Meta’s New AI Transcribes and Translates Nearly 100 Languages

Meta recently introduced SeamlessM4T, a single AI model capable of speech and text translations in multiple languages.
 

What is SeamlessM4T?

 
SeamlessM4T is the first of its kind. It’s a multimodal AI model that caters to a wide range of translation and transcription needs:

  • Speech recognition for almost 100 language
  • Translating from speech to text in nearly 100 input and output languages
  • Converting speech-to-speech in nearly 100 input languages and 36 (including English) output languages
  • Text-to-text translation for nearly 100 languages
  • Translating text to speech in almost 100 input languages and 35 (including English) output languages

Meta’s aim is to make people communicate effortlessly through speech and text across different languages. Turning to literature for inspiration, the origins of SeamlessM4T might surprise you.
 

From Babel Fish to Reality

 
SeamlessM4T is fiction-inspired. The Babel Fish from “The Hitchhiker’s Guide to the Galaxy.” In reality, “existing speech-to-speech and speech-to-text systems only cover a small fraction of the world’s languages.”

With this model, Meta aims to address this gap. The uniqueness lies in SeamlessM4T’s single system approach which they say “reduces errors and delays, increasing the efficiency and quality of the translation process.” This improves the way people from different language backgrounds communicate.

This isn’t Meta’s first venture into the world of translation and linguistic technology.
 

 

A Legacy of Advancements

 
Meta has a history of striving towards creating a universal translator. Previously, they launched ‘No Language Left Behind’, a text-to-text machine translation model for 200 languages, and it’s now even integrated into Wikipedia.

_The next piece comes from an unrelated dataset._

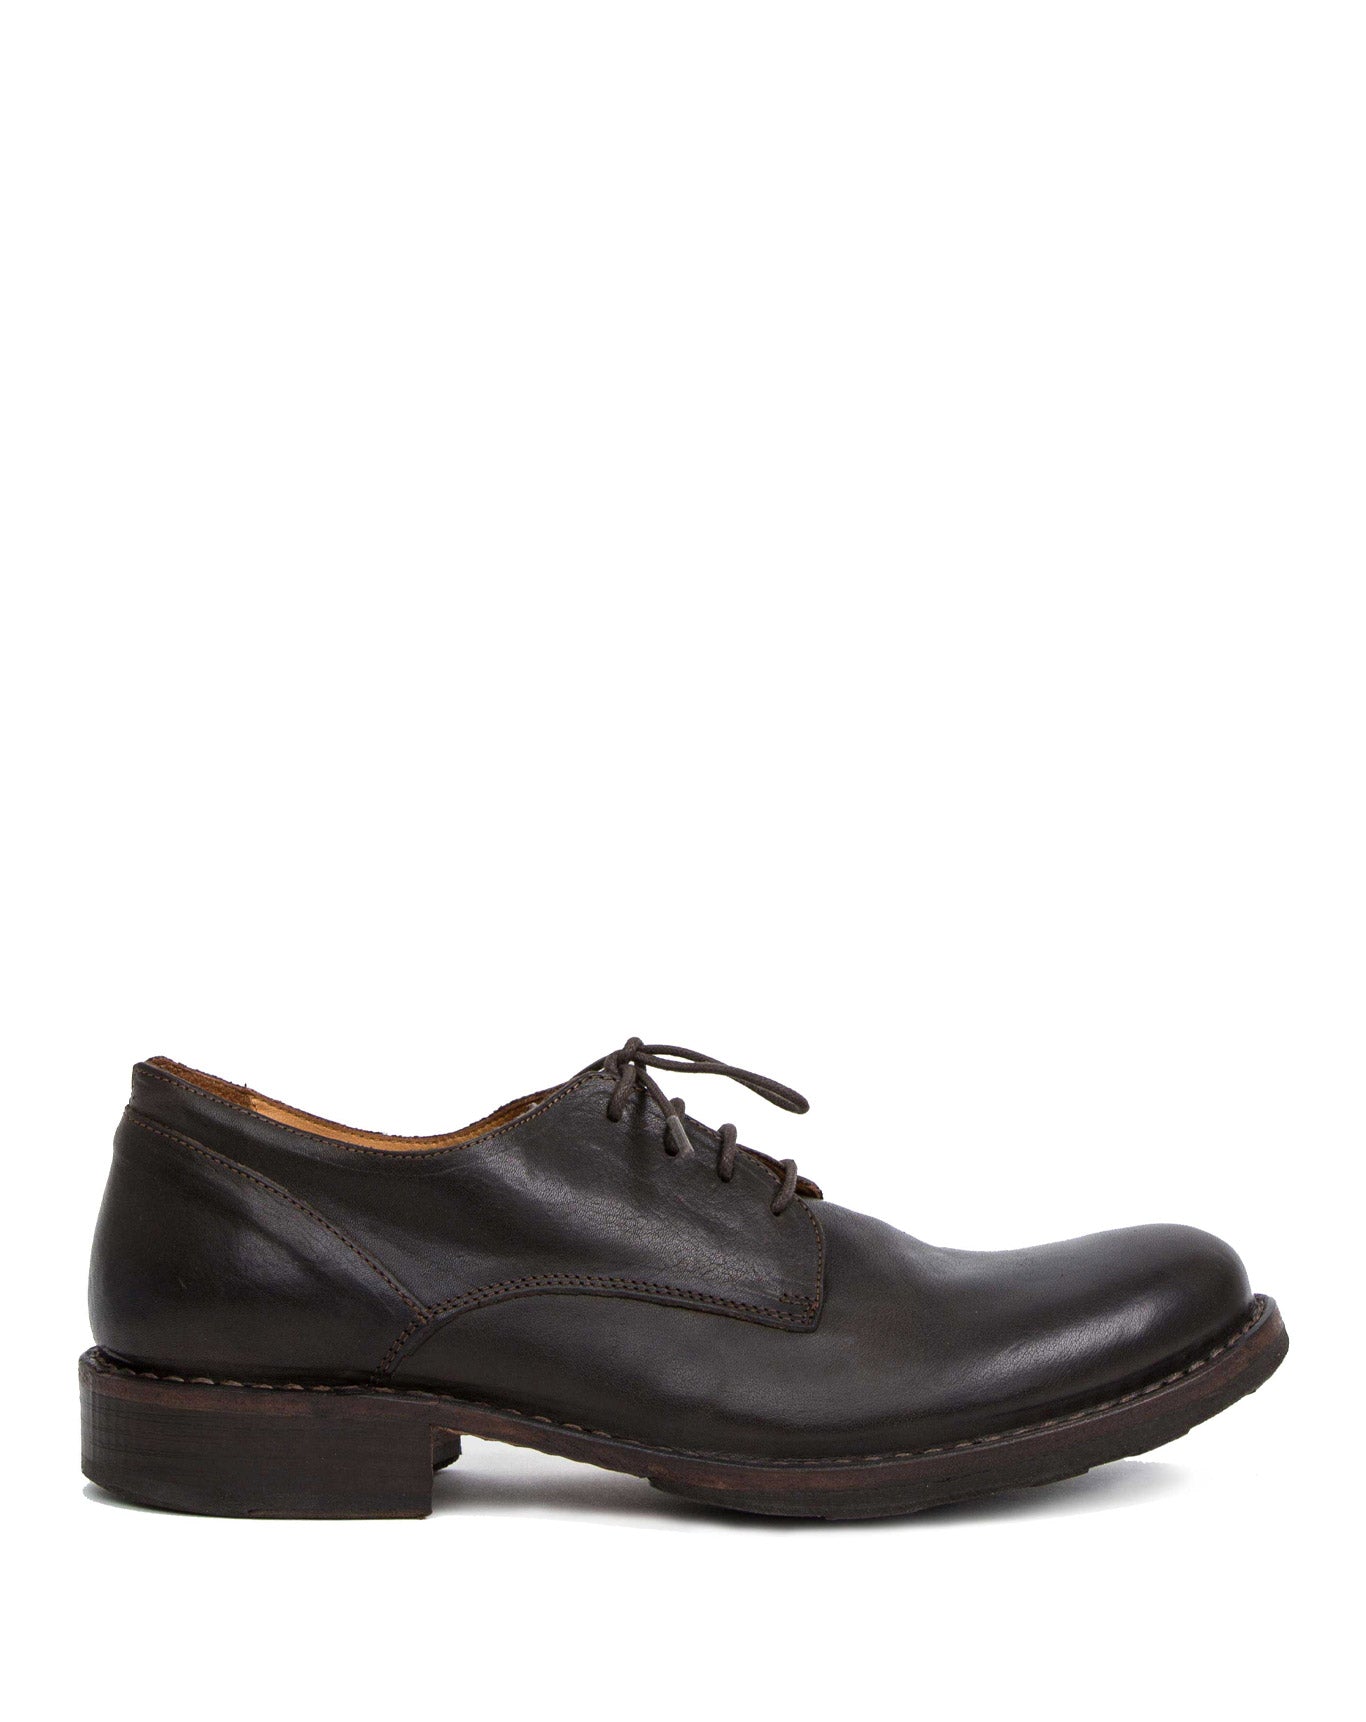 Fiorentini + Baker, ETERNITY 706-CTM, Derby shoe, long-standing favourite from the Eternity line. Handcrafted with natural leather by skilled artisans. Made in Italy. Made to last.

They’ve also released Universal Speech Translator, a first of its kind for Hokkien, a language without a common writing system. Plus, they introduced Massively Multilingual Speech which offers speech recognition and synthesis across over 1,100 languages.
 

How Does it Work?

 

Understanding Speech:

 
Meta’s self-supervised speech encoder, known as w2v-BERT 2.0, analyses millions of hours of multilingual speech. It breaks down the audio signal and forms an understanding of the content.
 

Processing Text:

 
The NLLB model, a previous release, forms the basis for the text encoder. It’s trained to understand nearly 100 languages and produce meaningful representations for translation.
 

Producing Text and Speech:

 
The team trained the text decoder to take encoded speech or text representations and transform them. A multilingual HiFi-GAN unit vocoder is then used to convert these units into audio.
 

Data Scaling and Results

 
SeamlessM4T uses large datasets for optimal functioning. With data scaling, Meta created the largest open speech/speech and speech/text parallel corpus named SeamlessAlign. SeamlessAlign has more than 443,000 hours of speech in its total volume.

When it comes to performance, SeamlessM4T sets a new standard. It achieves top-tier results for almost 100 languages and multitask support across multiple functionalities – all with a single model.
 

Safety First

 
Meta prioritises the accuracy of translation systems. They understand the risks of mistranscription or generating outputs that could be toxic or incorrect.

In their words, “we conducted research on toxicity and bias to help us understand which areas of the model might be sensitive.” They have implemented a rigorous toxicity classifier to ensure that any harmful content is filtered out, making it a safer tool for users.
 

Sharing the Technology

 
True to its commitment to open science, Meta is sharing this revolutionary model with the public. Their vision to bring the world closer together is a priority, and their overall quest to connect people could be great for us all.

In the words of the Meta team: “This is only the latest step in our ongoing effort to build AI-powered technology that helps connect people across languages.” This is an innovation that will help people understand and be understood, irrespective of the language they speak.